>>>

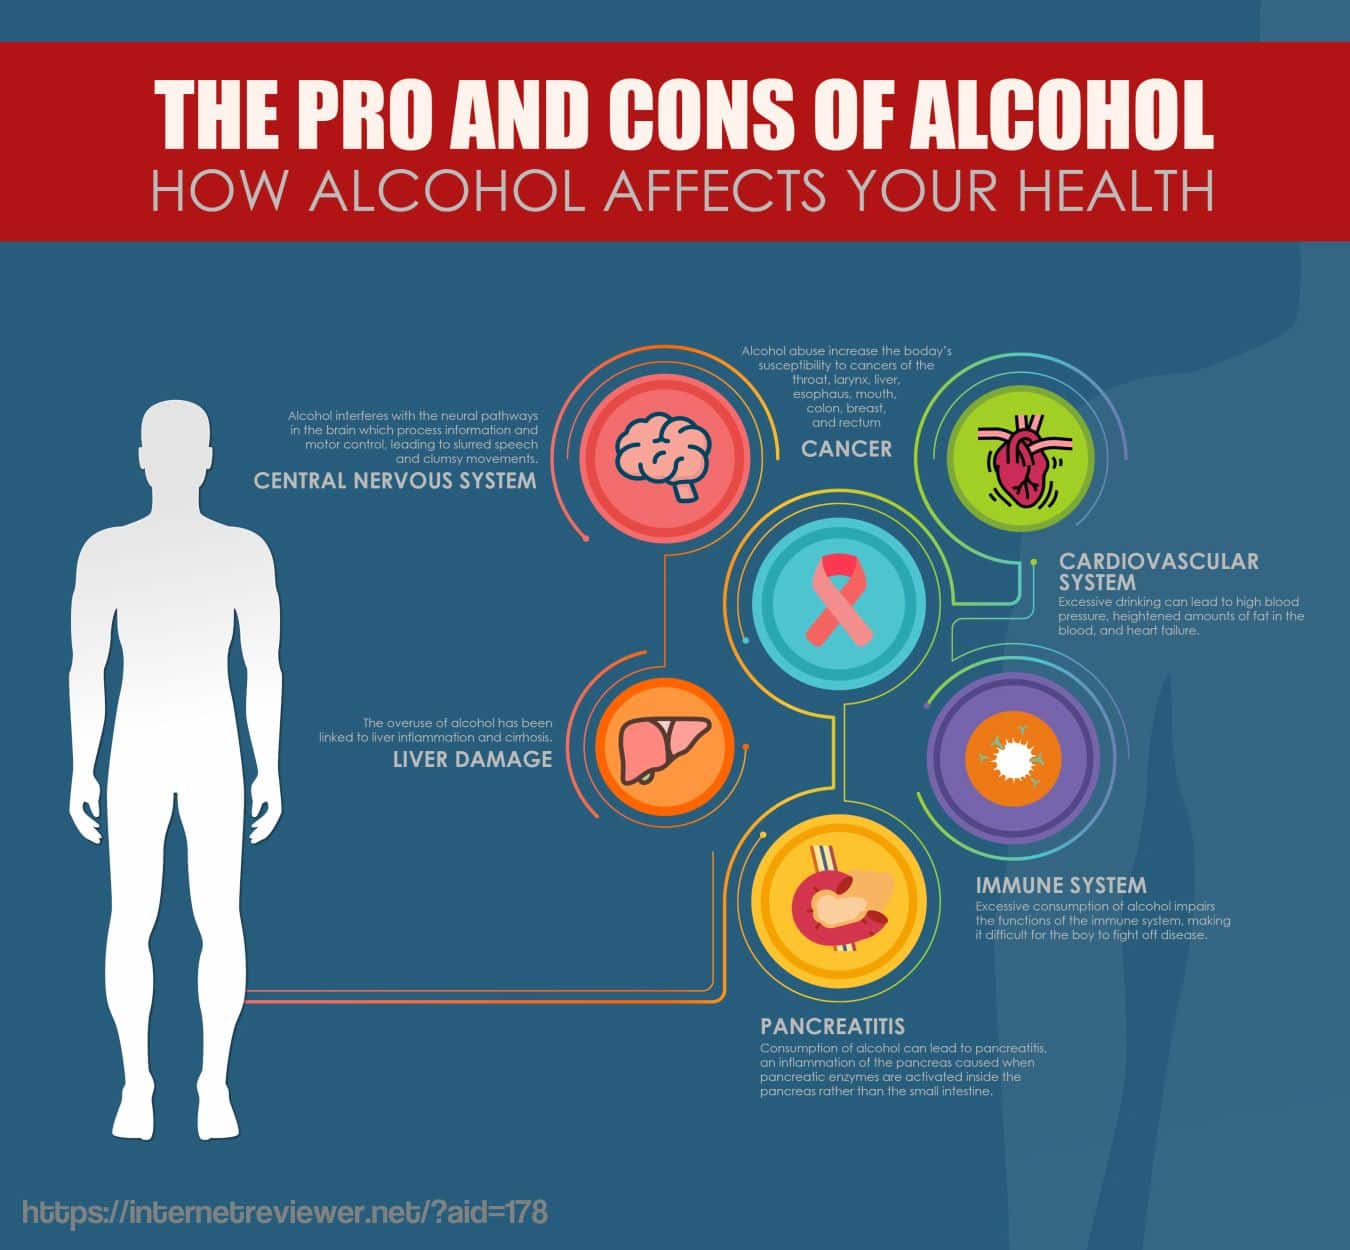 effects of alcohol
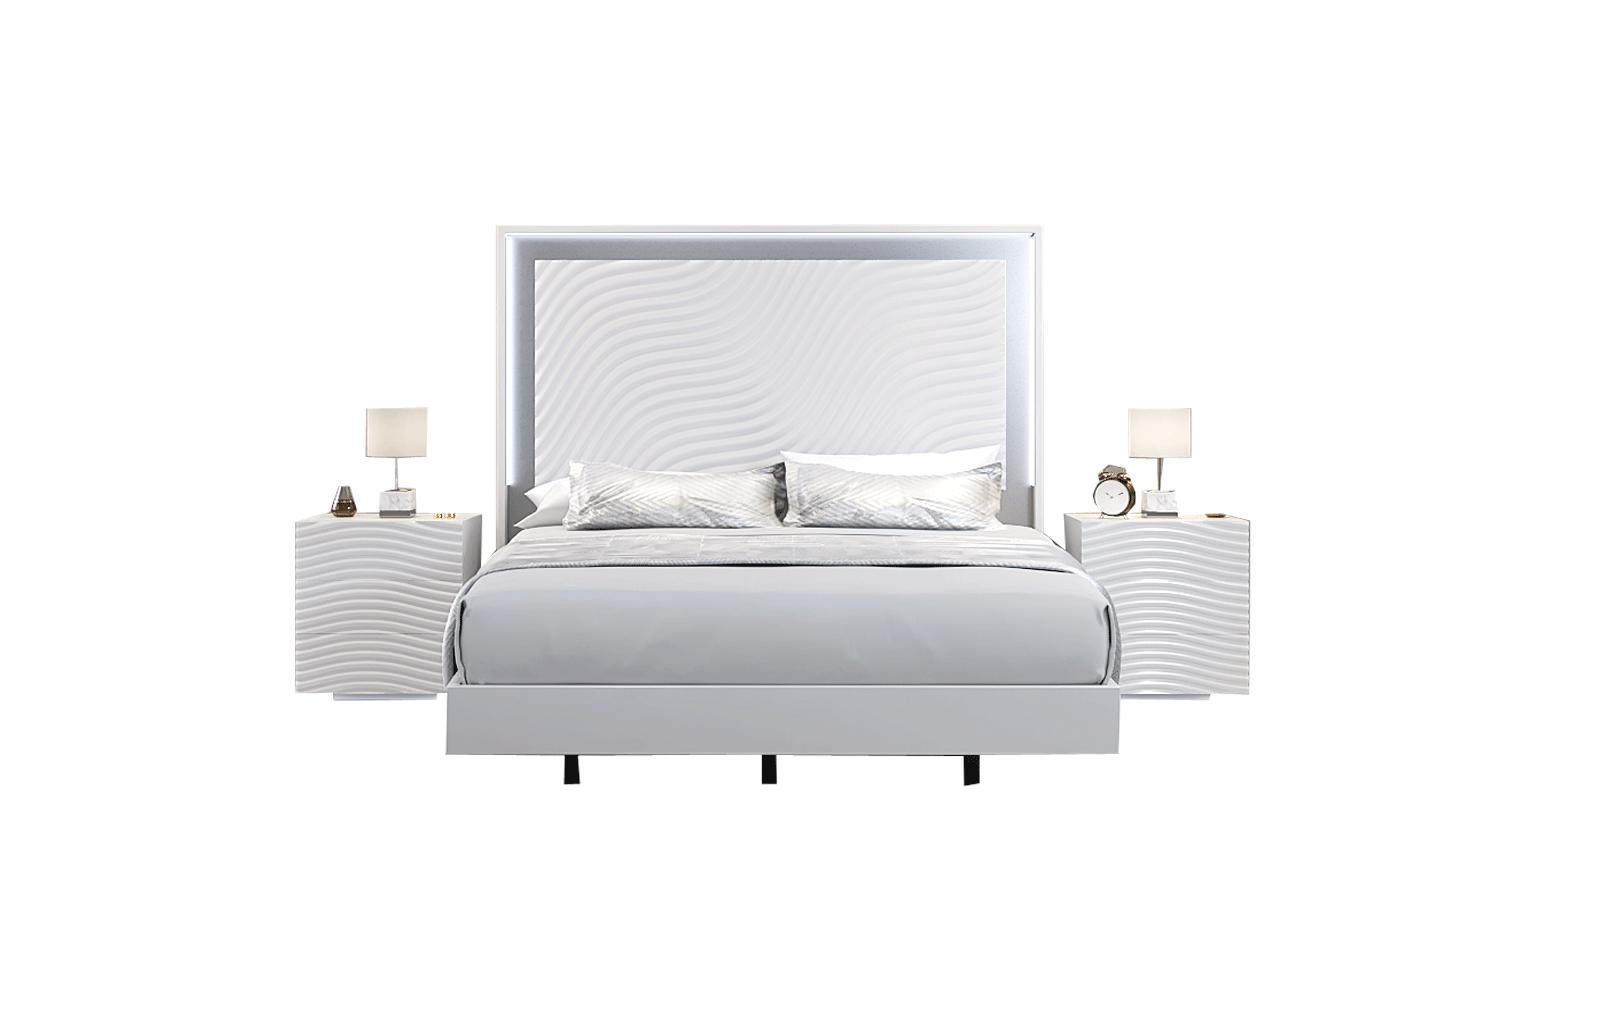 

    
Glam Shiny White King Bedroom Set 3 WAVE ESF Contemporary Modern MADE IN SPAIN
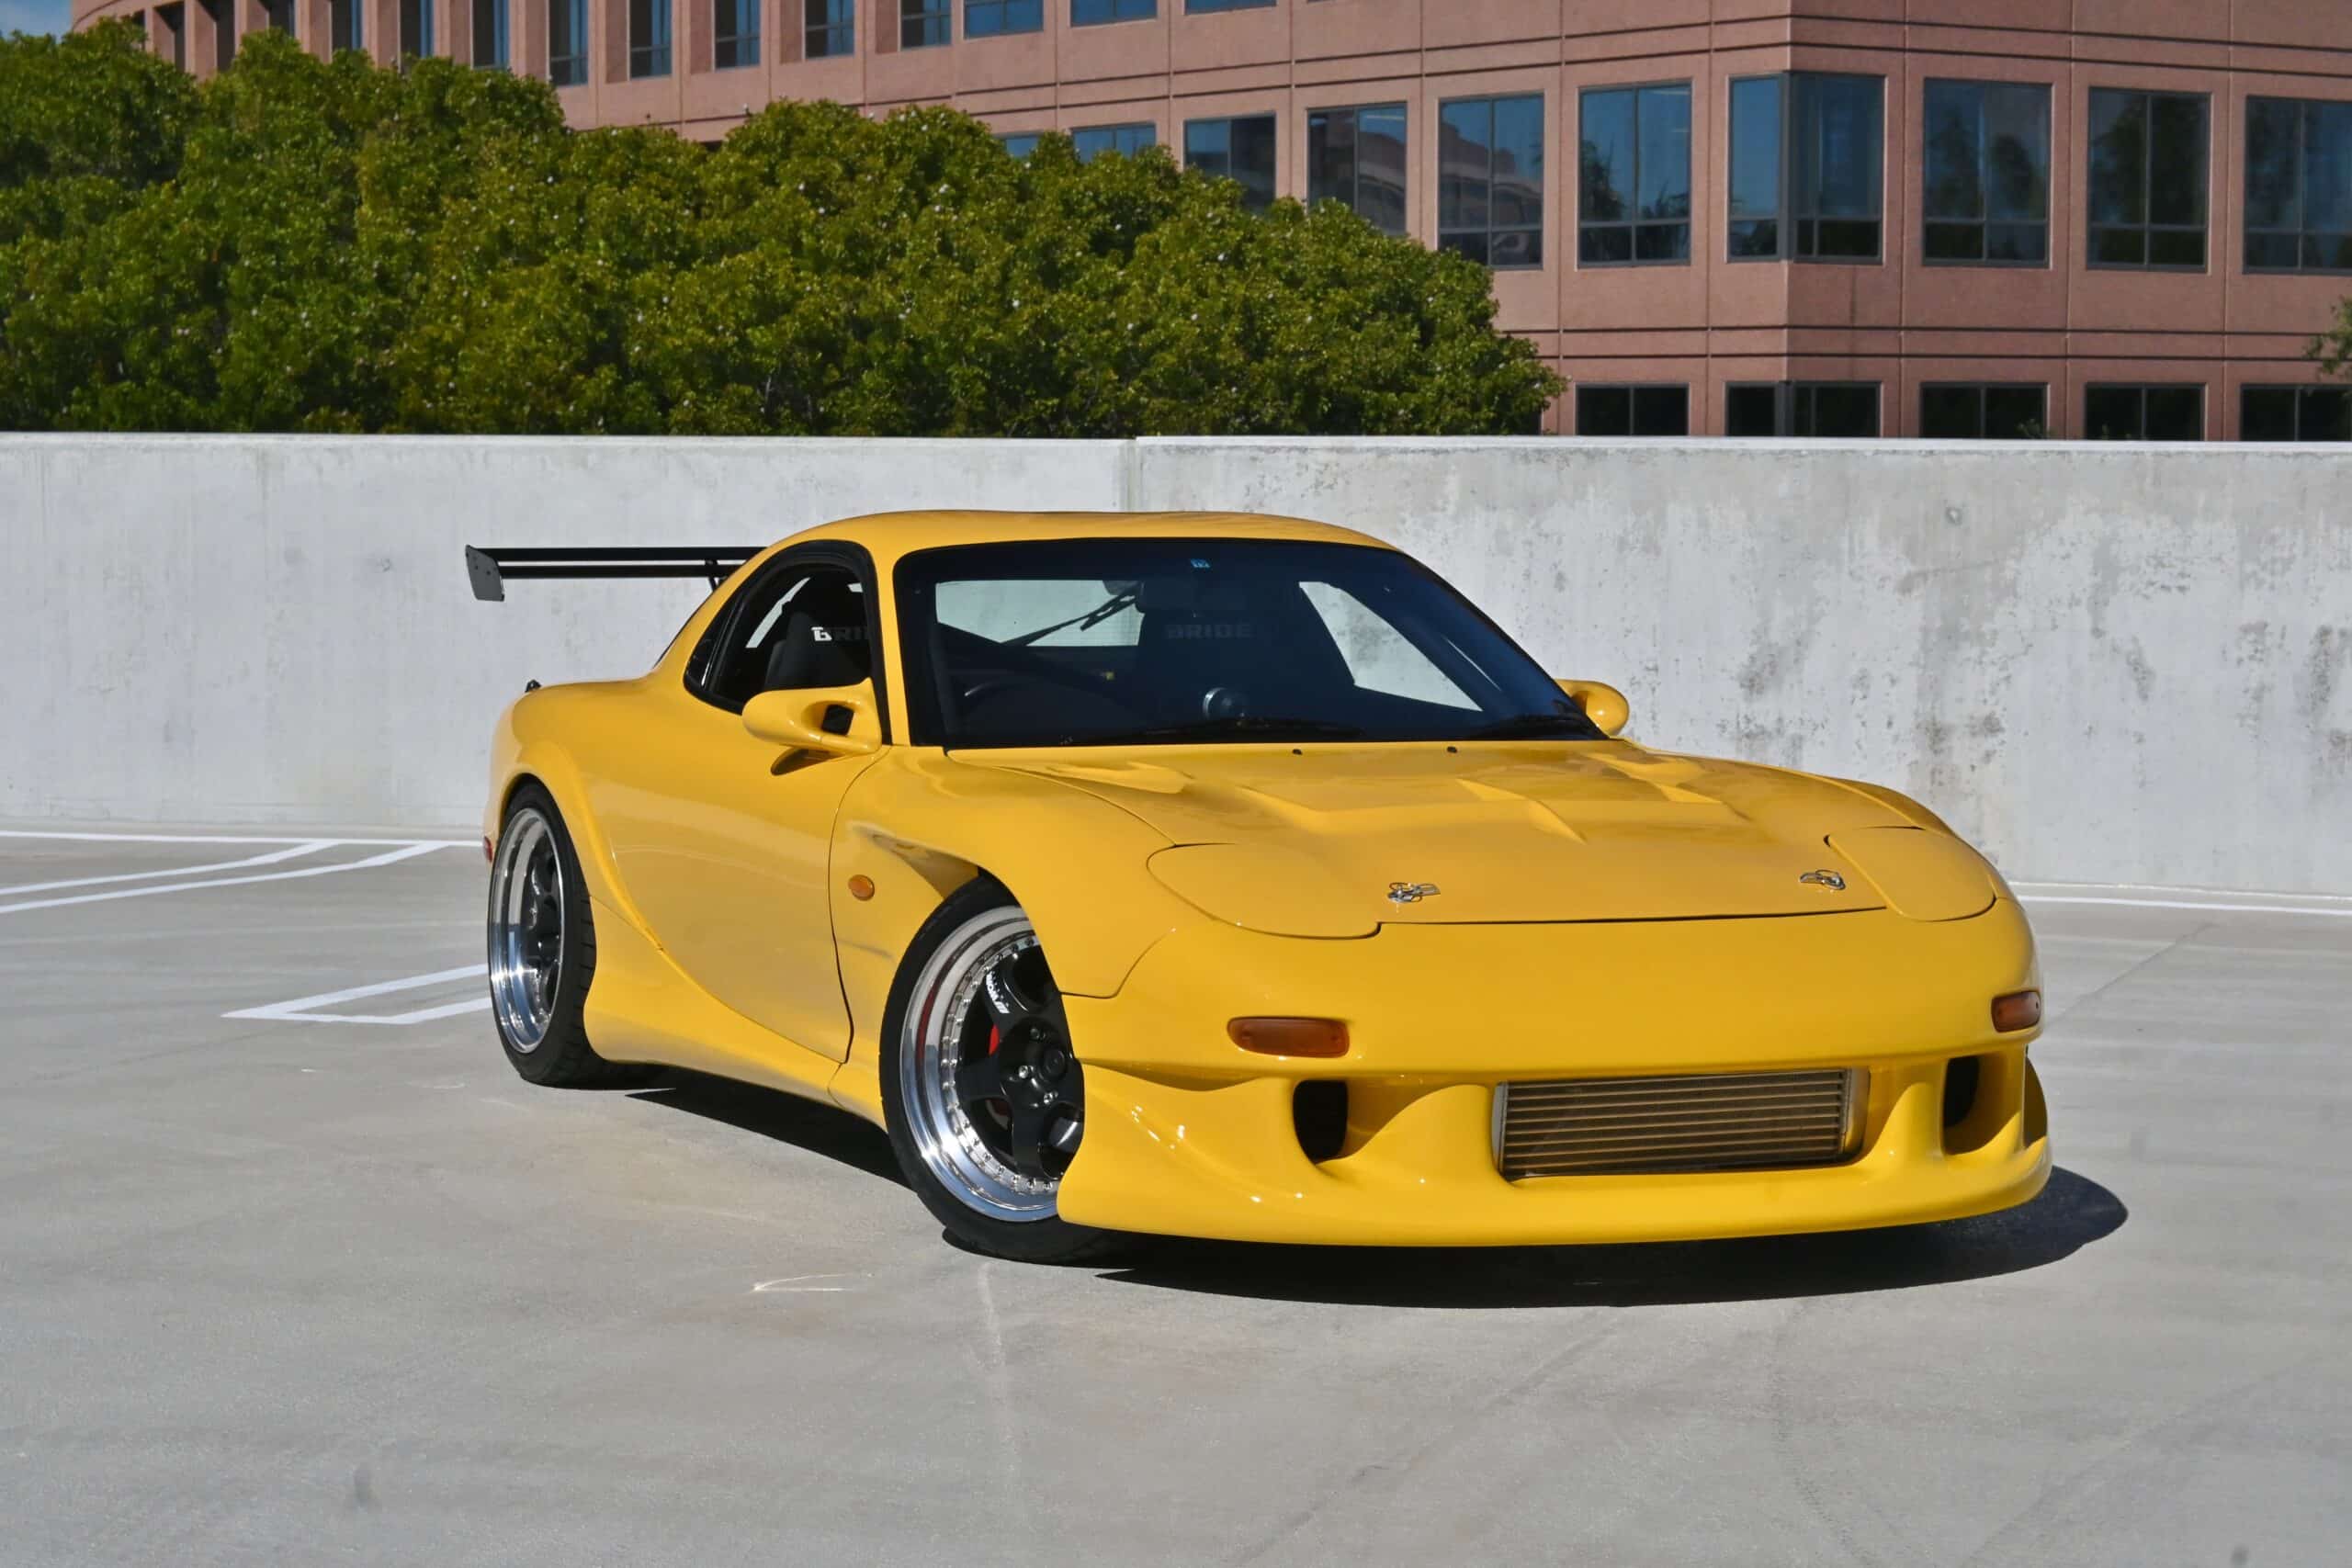 1992 Mazda RX-7 Efini FD3S RE-Ameyiya / T78-33D Single Turbo / Ohlins Coilovers / Work Meister S1 / 500+ HP

<<<

Directions for this task -
Only the text of the listing should be returned, exactly and in full; no image goes into the copy.

Result -
 effects of alcohol

    
Glam Shiny White King Bedroom Set 3 WAVE ESF Contemporary Modern MADE IN SPAIN
 1992 Mazda RX-7 Efini FD3S RE-Ameyiya / T78-33D Single Turbo / Ohlins Coilovers / Work Meister S1 / 500+ HP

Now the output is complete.